Mars is junked the hell up. What is with men wanting to keep everything and anything from the past 50 years?? We near-about had WWIII at my house last night. We were attempting to clean up our outside room. This is funny, because every morning around 7 a.m., dad starts mumbling about how we need to clean our house. Every time we go to clean, however, dad throws a fit about us moving things to where he can’t find it, or getting rid of things that “we need.”
The argument began with me and mom asking my dad to move his toolbox out of the bathroom (we didn’t even mention the dog supplies and pool equipment that was in there). I should probably mention that we haven’t been able to use this bathroom in about a year…because of the junk. Our simple question spun dad off in a tizzy. He started mumbling stuff like “Why does it always have to be MY stuff that’s gotta be moved?” and “Why can’t you move some of YOUR stuff?” and the best one was (however irrational) “Why don’t we just leave the door unlocked? Because if burglars ever came to our house, they would have the tools to break in right there.” I kept my mouth shut…I SO wanted to say “Hell, if they got past our gate, they probably had their OWN dang tools.” Anyways, he never moved it. I had to pick it up myself and move it outside.

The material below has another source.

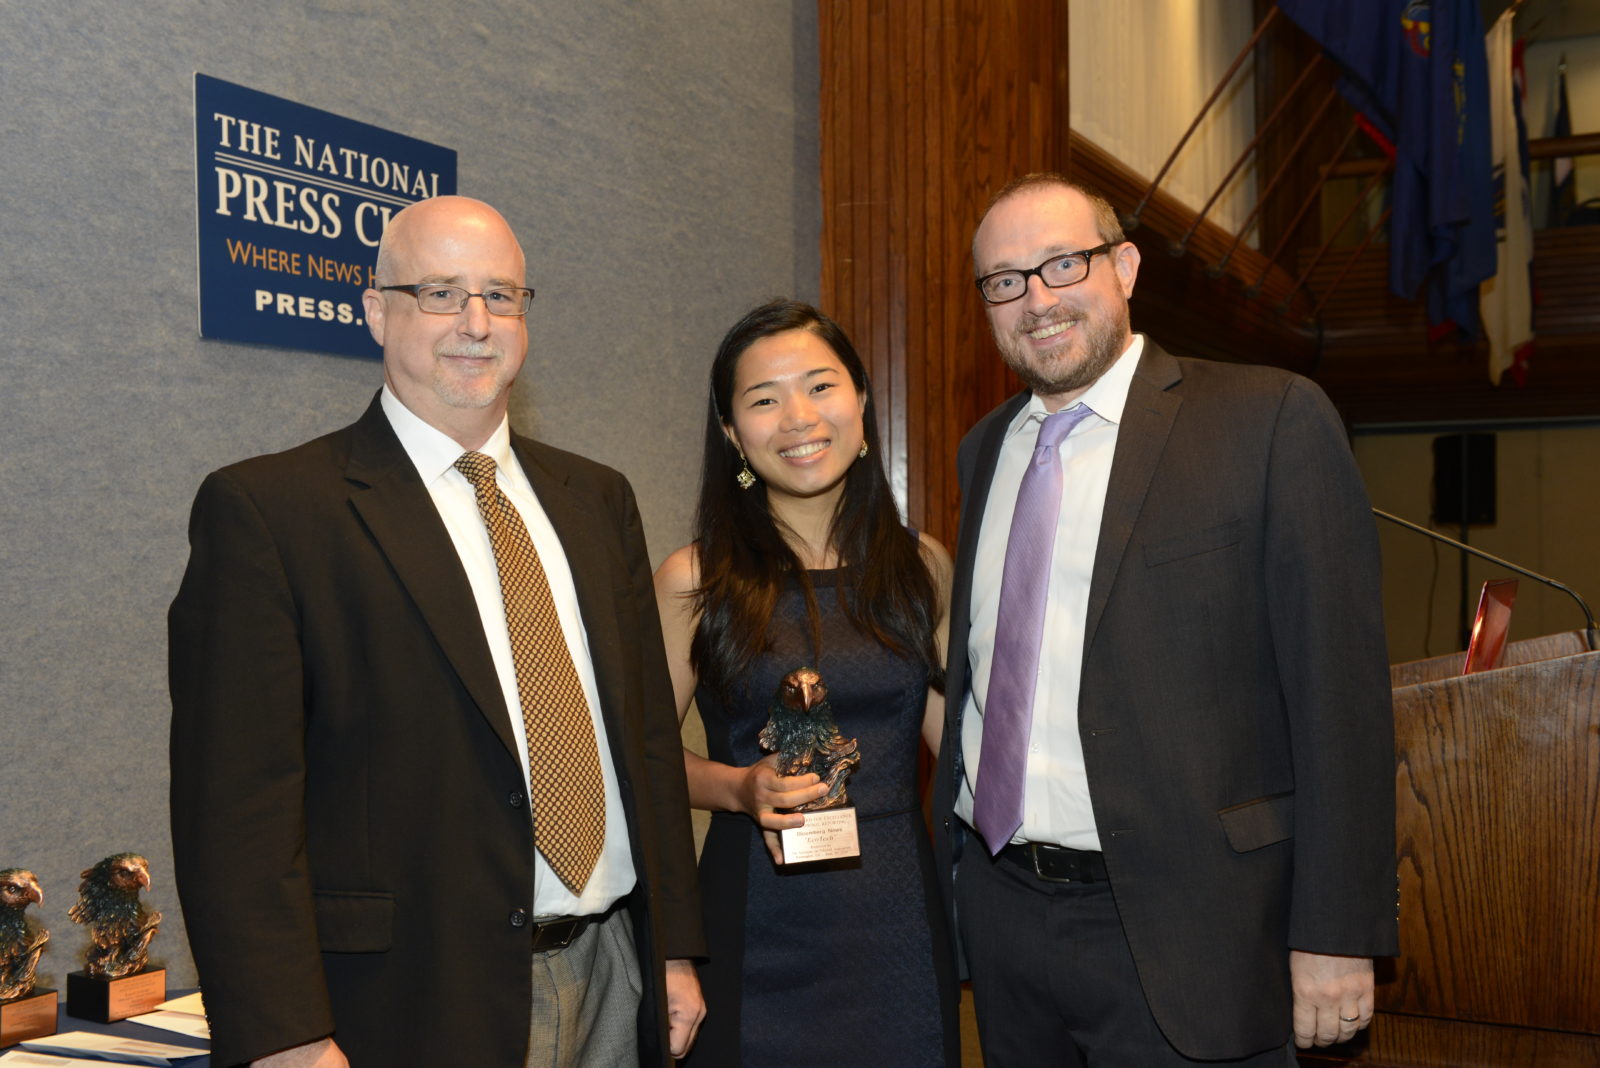 John Merline (right) of the IPJ Board of Visitors presents the 2014 Excellence in Economic Reporting Award to Aki Ito (center) of Bloomberg News at the annual Journalism Awards Ceremony at the National Press Club.      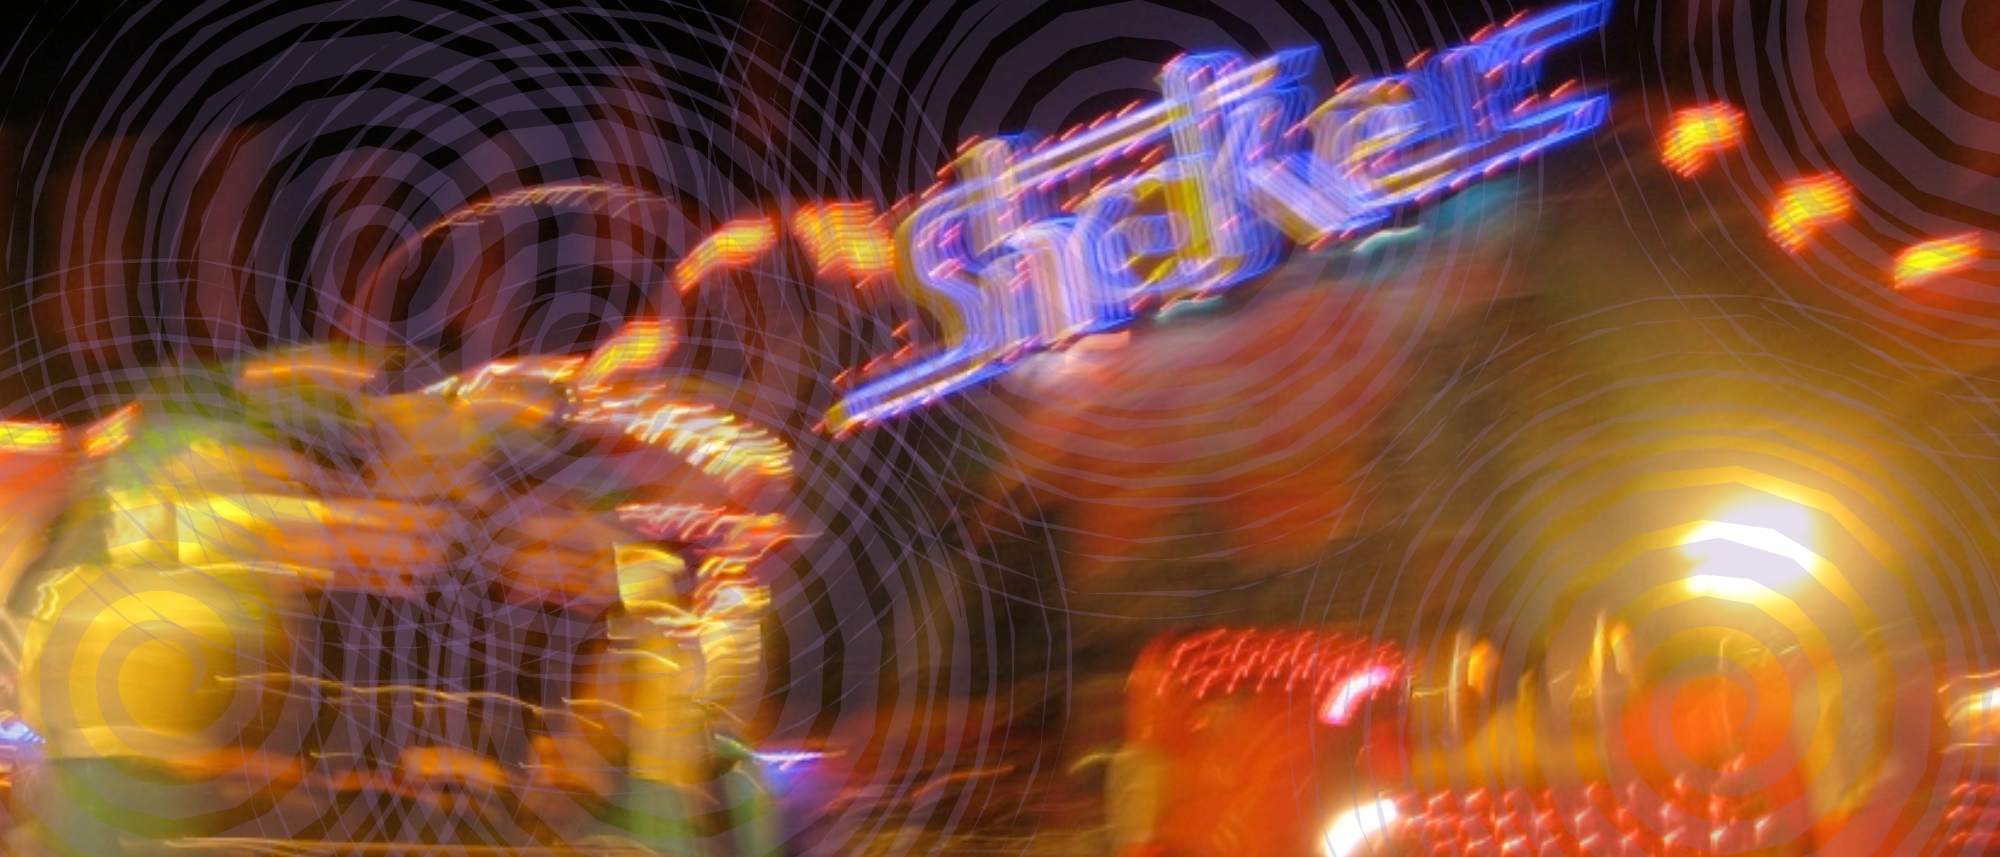 A somewhat blurry image of a lit-up carnival ride called The Shaker in motion. Overlayed are semi-transparent purple spirals in an indistinguishable pattern.

He did, however, go out and start looking (and digging) in our “trash pile” to see if we were throwing out anything good. He happened across the pool/lounge chair that my sister had gotten last year. (She had forgotten to take the tag off of it, even though she had used it all last year). This spun him off into the rant about being wasteful, and throwing away stuff that was still new and good. He yelled across at my sister, as she was riding her horse, and asked if it was really broken. She yelled back and said that the last time she used it, she had had to prop the head up with a cement block because it was broken (At this point, I was torn between laughing hysterically and shaking my head in shame…because Lord, we were startin’ to sound like a bunch of poor white trash). Then, after seeing that he was going nowhere with the broken lounge chair argument, he went around picking stuff up out of our yard (towels that had just fallen off the line, rugs that were out there to be beaten, chairs that we take to all Rheba’s horse events) asking if it too needed to be “hauled off to the dump.” I might mention here that I DO believe that I get my flair for drama from the Sheffield’s side. I will say that I was a bit concerned that after I stepped out of the room, that he would toss my computer or cell phone into that trash pile….seeing as how we needed to get rid of some of our stuff, too.
After ignoring his rants for a good solid 30 minutes, he finally huffed off to start mowing. After he had walked out, my mama (I love her) says “You might not get the chance to send him to the home, I might just beat you to it.” In telling this to my friend Sam tonight, she responded by saying that the CNA’s at the nursing home would HAVE to get a raise to deal with ol’ Cornbread.
Yeah, I’m not sure what it is about men being pack rats….but most of the ones that I know are just that. They couldn’t part with anything to save their lives. I just know that in my house, we have to wait until my dad is out of the house before we can start throwing his stuff away. –We just recently got rid of some of his 30”-waist pants…as well as his old biking shorts (rolling my eyes)…and he still about had a fit.
Yep, my bet is that if men are from Mars…Mars is packed with old, ratty t-shirts, “yard work-only tennis shoes,” pants that have been too tight for ages, leisure suits, 8-Track tapes, Jerry Clower and Tammy Wynette Cassettes, viking helmets and high-rise socks.